***** DATA SUPPLIED

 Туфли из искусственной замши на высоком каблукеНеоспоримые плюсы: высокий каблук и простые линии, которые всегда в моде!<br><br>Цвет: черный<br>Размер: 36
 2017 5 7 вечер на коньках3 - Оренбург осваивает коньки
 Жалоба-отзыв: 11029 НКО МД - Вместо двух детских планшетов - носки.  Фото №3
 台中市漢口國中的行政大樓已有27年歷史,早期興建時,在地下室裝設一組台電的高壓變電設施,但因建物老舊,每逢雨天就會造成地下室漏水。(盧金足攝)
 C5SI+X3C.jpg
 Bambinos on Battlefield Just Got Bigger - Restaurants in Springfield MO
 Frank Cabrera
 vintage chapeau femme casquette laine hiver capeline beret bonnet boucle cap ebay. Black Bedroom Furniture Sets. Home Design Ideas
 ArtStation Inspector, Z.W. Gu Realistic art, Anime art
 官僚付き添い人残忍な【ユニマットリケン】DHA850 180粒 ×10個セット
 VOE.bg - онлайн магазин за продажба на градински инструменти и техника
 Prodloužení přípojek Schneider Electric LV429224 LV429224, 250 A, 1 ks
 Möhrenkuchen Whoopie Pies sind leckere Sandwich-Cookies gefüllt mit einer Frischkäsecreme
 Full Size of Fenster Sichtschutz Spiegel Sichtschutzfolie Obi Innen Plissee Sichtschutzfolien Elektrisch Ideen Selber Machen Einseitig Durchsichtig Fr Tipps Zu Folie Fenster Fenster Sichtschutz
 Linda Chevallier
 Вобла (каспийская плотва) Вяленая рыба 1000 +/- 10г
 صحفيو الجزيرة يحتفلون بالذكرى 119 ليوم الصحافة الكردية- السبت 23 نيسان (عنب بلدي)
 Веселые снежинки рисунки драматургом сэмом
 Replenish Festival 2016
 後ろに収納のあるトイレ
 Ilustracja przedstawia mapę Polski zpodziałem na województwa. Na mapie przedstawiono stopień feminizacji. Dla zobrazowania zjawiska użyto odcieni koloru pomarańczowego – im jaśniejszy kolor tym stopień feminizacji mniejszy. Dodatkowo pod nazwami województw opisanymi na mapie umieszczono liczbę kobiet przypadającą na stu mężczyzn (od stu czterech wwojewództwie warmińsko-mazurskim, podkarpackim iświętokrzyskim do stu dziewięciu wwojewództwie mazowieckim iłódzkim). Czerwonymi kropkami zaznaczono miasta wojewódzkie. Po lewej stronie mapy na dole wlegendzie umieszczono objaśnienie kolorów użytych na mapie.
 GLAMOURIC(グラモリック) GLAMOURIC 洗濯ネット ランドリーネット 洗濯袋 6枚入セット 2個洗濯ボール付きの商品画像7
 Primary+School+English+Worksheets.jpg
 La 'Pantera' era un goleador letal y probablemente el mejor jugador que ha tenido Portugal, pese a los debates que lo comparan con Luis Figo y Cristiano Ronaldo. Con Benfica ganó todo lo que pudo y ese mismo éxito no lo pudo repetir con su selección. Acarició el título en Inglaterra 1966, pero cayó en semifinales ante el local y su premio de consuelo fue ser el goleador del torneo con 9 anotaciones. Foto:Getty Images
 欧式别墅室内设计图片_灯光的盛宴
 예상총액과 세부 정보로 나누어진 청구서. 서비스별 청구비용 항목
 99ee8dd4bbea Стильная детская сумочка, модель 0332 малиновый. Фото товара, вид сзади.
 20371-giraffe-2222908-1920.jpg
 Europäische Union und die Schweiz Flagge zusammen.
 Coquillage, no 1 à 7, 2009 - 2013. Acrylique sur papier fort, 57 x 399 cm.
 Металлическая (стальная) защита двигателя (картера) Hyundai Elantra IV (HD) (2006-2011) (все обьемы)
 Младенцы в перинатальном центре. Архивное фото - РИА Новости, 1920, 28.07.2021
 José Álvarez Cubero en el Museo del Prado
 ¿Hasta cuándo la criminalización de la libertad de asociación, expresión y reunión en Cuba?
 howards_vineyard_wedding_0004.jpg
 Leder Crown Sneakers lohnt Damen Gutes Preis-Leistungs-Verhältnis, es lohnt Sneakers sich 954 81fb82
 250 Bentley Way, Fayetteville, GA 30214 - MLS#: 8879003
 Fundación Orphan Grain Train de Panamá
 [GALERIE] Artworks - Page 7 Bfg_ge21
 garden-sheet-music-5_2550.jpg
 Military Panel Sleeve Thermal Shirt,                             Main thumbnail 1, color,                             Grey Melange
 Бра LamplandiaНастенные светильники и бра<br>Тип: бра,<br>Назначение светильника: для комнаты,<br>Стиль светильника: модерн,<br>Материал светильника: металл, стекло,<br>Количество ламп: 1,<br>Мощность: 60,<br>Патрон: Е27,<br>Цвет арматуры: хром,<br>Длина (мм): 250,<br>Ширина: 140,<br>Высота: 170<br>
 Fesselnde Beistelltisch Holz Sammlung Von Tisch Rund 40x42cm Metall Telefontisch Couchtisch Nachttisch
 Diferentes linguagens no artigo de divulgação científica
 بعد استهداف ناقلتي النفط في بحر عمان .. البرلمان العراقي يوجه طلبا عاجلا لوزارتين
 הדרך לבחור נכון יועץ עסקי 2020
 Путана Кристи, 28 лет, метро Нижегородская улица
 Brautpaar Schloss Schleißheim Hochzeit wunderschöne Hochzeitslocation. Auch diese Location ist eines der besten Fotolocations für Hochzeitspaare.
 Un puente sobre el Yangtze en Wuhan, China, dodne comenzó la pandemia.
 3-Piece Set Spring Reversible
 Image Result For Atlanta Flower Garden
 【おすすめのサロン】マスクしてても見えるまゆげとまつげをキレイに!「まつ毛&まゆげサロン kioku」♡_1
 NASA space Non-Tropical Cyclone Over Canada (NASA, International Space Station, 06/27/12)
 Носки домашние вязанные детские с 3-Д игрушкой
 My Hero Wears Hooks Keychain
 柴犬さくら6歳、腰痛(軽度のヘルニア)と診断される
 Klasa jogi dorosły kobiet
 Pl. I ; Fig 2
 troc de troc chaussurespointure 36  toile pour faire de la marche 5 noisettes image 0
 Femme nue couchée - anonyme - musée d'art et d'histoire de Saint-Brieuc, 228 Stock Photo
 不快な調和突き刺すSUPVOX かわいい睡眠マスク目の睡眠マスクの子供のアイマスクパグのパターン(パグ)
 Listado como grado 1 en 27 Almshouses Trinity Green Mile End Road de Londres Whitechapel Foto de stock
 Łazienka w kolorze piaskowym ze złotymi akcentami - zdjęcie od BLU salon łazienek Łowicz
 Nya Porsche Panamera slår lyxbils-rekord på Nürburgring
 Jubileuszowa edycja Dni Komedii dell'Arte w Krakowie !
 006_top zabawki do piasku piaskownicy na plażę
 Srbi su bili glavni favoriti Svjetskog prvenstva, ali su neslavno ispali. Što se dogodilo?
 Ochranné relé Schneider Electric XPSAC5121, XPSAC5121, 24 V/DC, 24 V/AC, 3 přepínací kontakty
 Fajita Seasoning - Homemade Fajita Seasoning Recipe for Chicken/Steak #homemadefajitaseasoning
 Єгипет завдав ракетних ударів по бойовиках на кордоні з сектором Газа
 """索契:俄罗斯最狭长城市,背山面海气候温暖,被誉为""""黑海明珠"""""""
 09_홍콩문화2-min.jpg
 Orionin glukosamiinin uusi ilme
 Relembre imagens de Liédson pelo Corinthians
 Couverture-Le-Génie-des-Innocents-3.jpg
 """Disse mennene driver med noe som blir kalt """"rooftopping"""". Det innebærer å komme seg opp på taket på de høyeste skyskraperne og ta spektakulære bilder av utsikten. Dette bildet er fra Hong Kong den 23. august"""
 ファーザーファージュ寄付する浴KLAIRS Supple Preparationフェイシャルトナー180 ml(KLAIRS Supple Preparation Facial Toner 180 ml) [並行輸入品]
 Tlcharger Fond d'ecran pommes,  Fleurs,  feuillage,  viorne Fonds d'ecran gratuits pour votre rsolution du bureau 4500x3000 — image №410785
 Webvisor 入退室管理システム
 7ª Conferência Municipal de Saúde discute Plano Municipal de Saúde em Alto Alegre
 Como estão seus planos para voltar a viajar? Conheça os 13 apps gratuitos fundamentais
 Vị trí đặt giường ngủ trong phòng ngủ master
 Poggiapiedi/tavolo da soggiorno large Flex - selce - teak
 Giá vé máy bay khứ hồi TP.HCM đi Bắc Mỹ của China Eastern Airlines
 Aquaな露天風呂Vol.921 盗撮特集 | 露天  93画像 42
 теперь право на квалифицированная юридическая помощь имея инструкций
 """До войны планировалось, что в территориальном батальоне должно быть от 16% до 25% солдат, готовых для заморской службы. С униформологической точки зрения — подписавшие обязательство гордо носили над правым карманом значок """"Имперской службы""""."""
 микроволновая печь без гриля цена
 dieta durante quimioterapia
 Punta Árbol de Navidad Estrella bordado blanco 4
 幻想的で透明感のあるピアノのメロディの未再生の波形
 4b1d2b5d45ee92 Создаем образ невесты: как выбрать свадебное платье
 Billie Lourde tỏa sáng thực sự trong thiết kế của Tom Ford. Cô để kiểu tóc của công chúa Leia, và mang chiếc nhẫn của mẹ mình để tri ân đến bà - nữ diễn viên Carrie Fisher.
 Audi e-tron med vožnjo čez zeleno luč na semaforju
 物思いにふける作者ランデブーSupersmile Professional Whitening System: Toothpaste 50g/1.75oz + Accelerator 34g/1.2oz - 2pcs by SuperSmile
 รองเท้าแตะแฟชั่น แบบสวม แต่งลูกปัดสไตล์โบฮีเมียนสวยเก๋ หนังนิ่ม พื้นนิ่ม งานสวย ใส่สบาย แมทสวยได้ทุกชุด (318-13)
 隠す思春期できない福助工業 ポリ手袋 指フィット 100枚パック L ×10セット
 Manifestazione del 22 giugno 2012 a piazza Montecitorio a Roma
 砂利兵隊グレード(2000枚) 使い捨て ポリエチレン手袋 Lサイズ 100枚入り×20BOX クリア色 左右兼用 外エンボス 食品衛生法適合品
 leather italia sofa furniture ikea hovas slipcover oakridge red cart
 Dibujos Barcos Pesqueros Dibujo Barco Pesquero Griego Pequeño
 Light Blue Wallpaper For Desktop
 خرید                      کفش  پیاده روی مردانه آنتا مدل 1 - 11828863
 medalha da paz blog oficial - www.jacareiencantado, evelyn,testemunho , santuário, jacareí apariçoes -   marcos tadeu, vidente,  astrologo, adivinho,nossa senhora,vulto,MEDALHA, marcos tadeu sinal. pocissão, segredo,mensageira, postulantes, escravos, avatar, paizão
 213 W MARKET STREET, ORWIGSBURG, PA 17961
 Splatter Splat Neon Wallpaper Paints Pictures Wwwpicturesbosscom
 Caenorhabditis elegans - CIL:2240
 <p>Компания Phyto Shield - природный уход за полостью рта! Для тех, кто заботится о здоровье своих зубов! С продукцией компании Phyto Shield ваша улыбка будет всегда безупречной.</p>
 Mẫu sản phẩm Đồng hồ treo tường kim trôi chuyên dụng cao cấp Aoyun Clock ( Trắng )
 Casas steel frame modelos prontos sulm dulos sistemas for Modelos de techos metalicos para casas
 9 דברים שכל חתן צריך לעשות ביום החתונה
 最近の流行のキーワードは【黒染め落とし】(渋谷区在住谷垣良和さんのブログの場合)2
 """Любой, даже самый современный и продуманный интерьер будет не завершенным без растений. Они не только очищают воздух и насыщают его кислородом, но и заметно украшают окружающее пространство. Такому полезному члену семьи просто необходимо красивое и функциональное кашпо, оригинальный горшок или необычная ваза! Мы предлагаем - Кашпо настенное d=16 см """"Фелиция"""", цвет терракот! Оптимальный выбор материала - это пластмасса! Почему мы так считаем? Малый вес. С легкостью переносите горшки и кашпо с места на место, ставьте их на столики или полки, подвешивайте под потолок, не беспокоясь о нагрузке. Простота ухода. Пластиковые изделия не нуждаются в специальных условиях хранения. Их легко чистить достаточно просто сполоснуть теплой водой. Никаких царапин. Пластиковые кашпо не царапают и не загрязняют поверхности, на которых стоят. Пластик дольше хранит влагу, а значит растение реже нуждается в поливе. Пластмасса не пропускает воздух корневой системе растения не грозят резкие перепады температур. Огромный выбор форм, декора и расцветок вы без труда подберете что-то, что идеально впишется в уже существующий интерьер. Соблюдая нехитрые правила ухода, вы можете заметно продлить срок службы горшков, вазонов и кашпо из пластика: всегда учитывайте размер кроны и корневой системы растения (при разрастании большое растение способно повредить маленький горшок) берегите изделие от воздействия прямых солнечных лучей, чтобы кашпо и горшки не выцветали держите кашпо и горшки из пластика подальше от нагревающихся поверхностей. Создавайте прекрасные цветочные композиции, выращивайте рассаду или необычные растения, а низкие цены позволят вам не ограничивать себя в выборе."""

**********

Pick every line from the listing holding the string "Schneider", and copy it.

**SOLUTION BELOW:**
 Prodloužení přípojek Schneider Electric LV429224 LV429224, 250 A, 1 ks
 Ochranné relé Schneider Electric XPSAC5121, XPSAC5121, 24 V/DC, 24 V/AC, 3 přepínací kontakty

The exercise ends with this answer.